> **Aim of the exercise**
Look over the listing below and tally the lines in which the word "wicker" turns up. Answer with the tally only.

> **Records for processing**
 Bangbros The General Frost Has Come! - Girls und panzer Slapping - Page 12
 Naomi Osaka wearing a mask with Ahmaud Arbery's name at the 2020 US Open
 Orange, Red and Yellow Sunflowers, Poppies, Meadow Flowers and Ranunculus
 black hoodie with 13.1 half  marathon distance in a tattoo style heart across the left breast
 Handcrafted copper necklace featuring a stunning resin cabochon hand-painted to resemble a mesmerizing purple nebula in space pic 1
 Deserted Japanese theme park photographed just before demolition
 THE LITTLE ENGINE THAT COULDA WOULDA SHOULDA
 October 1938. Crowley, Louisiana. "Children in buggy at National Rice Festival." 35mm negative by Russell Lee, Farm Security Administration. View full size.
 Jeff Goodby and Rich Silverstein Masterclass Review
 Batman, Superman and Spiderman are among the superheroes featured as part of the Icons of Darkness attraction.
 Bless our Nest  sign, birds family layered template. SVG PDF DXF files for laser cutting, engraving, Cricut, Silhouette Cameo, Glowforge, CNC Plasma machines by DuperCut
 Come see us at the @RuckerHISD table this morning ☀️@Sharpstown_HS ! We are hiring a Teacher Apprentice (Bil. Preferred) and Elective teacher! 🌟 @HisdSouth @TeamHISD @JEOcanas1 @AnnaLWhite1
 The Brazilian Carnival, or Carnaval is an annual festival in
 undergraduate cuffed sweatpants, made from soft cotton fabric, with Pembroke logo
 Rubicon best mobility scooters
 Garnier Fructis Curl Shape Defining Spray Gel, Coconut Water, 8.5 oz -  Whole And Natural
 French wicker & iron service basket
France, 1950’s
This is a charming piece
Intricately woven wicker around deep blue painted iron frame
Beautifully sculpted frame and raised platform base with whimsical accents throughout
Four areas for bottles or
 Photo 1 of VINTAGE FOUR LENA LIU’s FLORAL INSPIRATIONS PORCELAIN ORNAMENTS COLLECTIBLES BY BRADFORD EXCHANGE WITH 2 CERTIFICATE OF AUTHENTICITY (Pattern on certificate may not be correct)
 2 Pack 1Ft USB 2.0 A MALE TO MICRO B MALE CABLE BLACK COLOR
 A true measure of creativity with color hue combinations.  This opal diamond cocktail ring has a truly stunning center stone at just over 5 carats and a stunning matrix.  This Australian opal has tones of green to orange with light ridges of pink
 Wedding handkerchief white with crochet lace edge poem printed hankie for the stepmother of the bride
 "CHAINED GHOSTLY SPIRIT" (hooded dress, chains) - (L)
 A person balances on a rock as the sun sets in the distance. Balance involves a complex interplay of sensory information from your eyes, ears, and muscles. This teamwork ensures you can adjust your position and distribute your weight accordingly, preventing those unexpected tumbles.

> **Written solution**
2